#### [WORK INSTRUCTION]
From the material beneath, pull every line with the word "plain".

#### [DATA BELOW]
..........
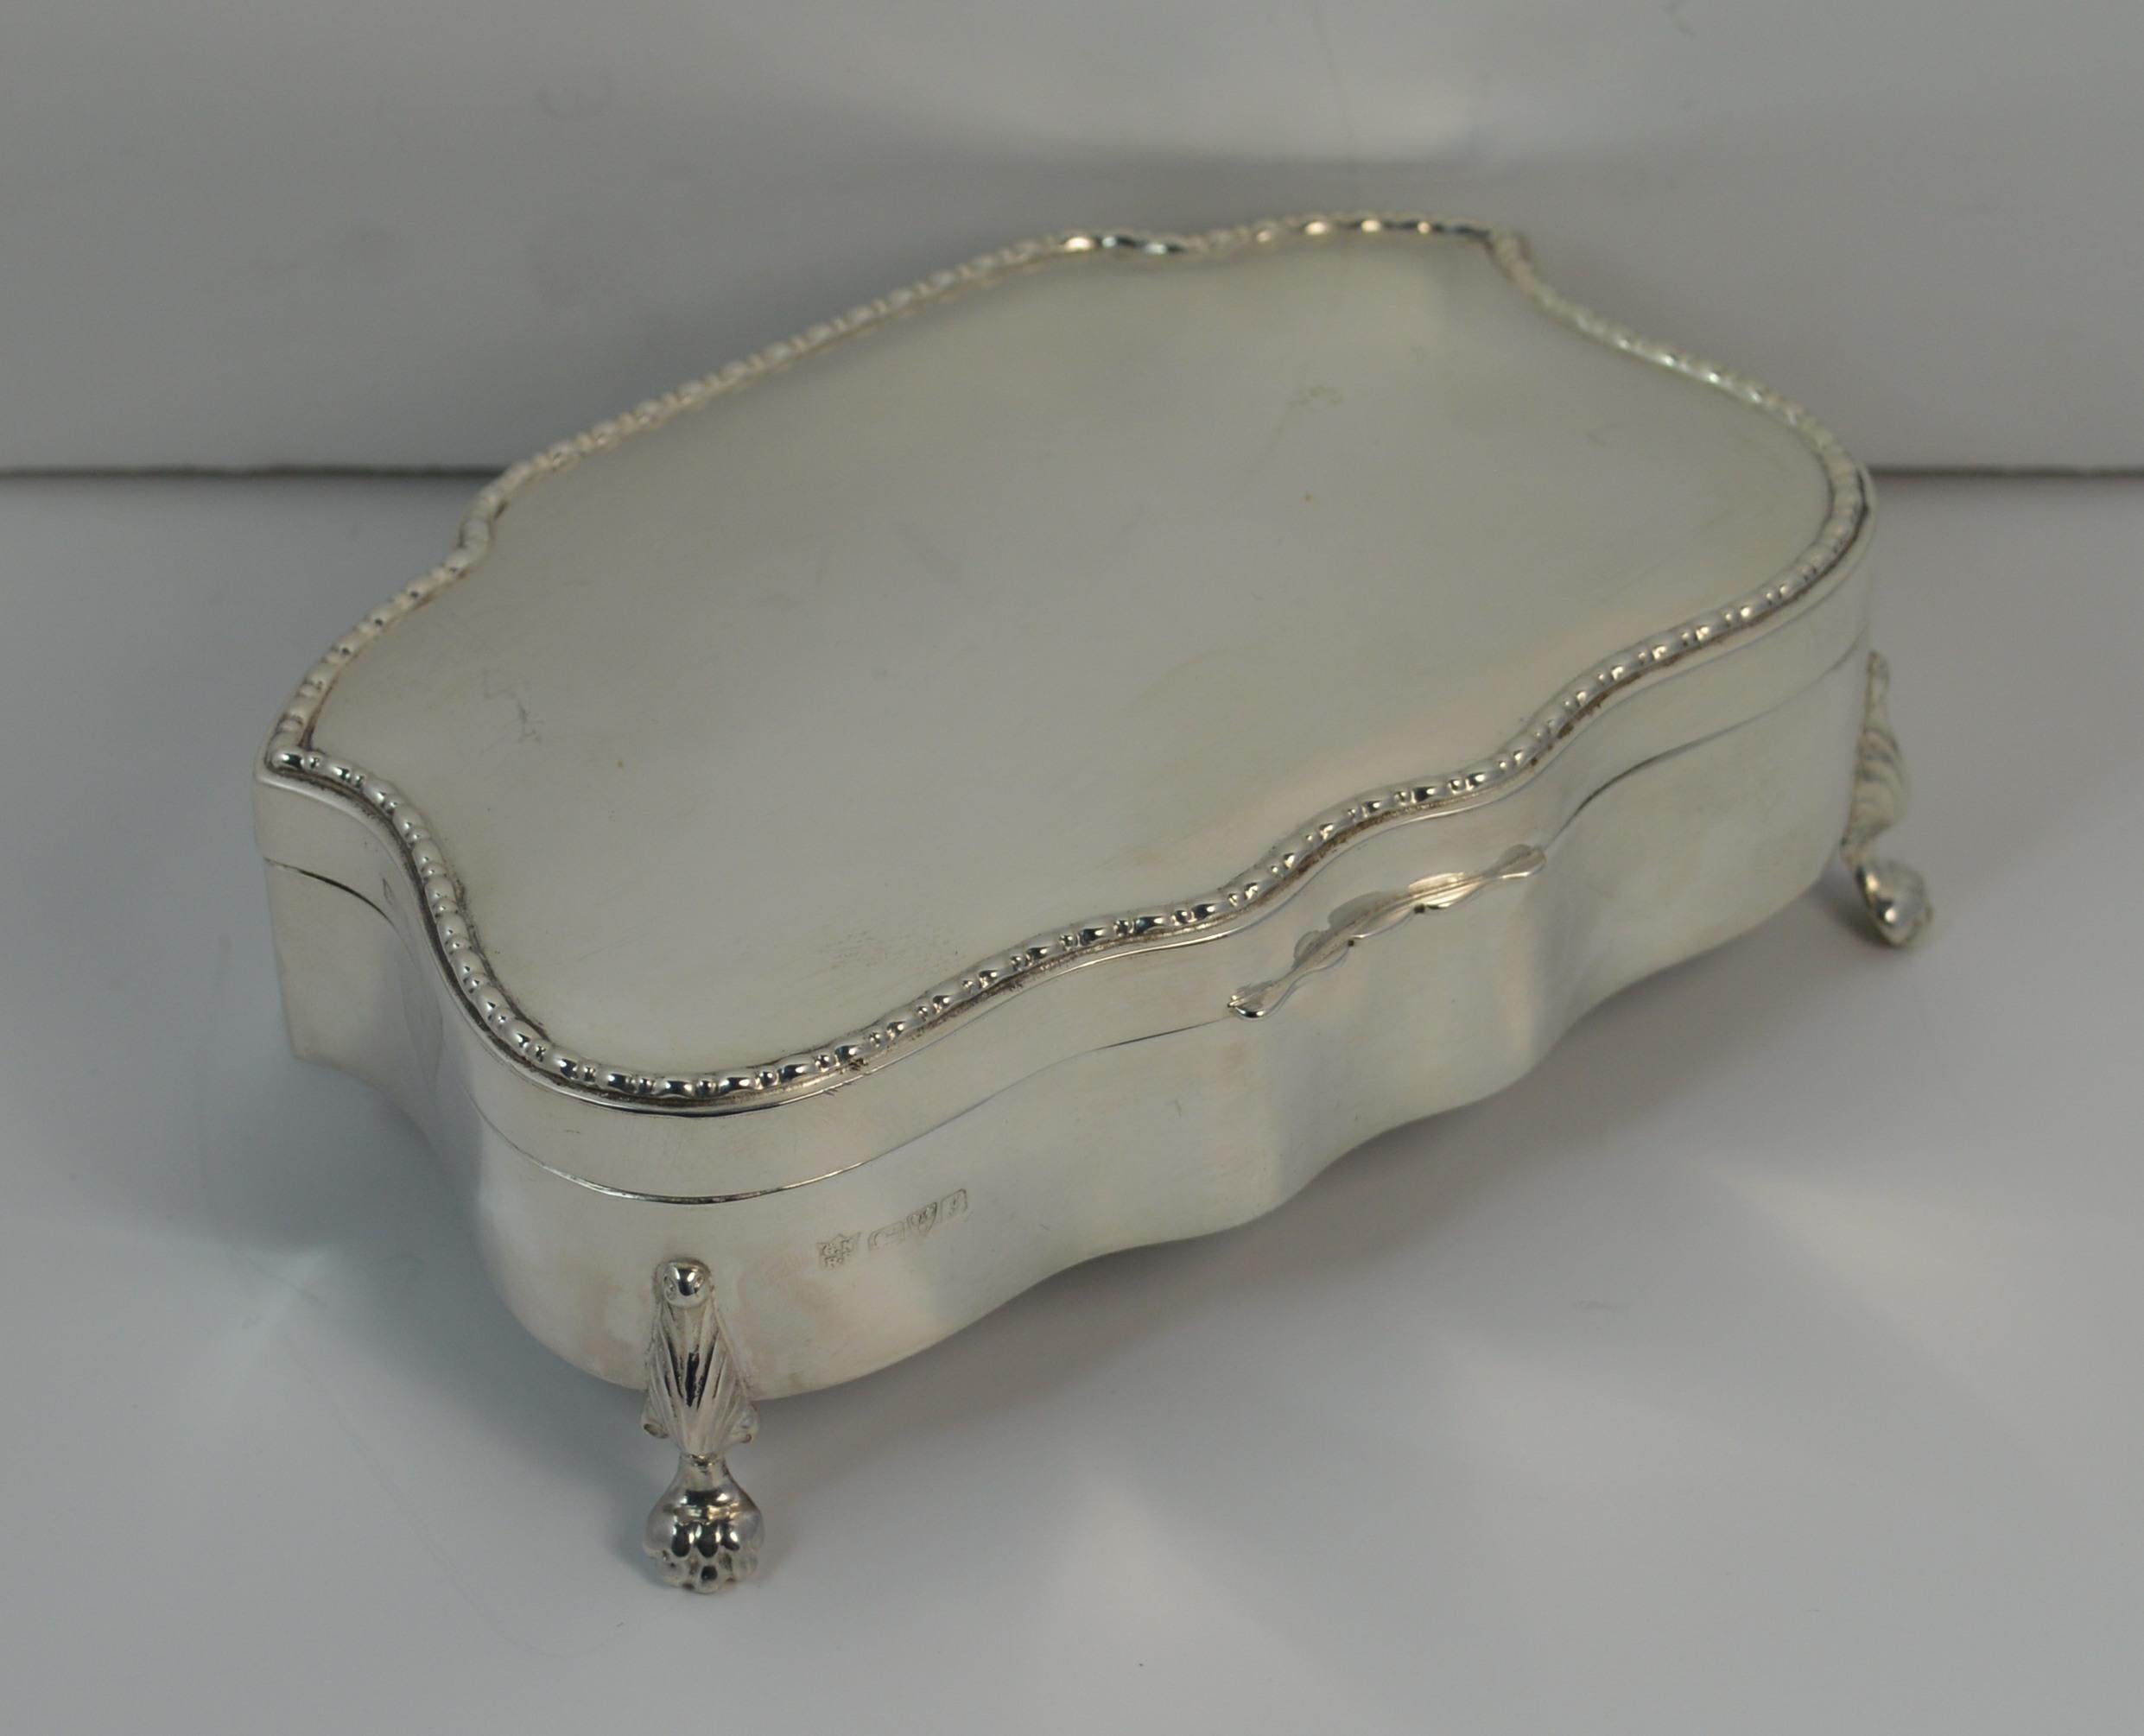 A beautiful English made solid silver jewellery box.
Stylish shape with plain sides and lid and of waved shape. Standing on four feet.
Original insides with six slots for rings and a plain front section for earrings, chains, pendants etc

Hallmarks
..........
#### [PROBLEM SOLUTION]
Stylish shape with plain sides and lid and of waved shape. Standing on four feet.
Original insides with six slots for rings and a plain front section for earrings, chains, pendants etc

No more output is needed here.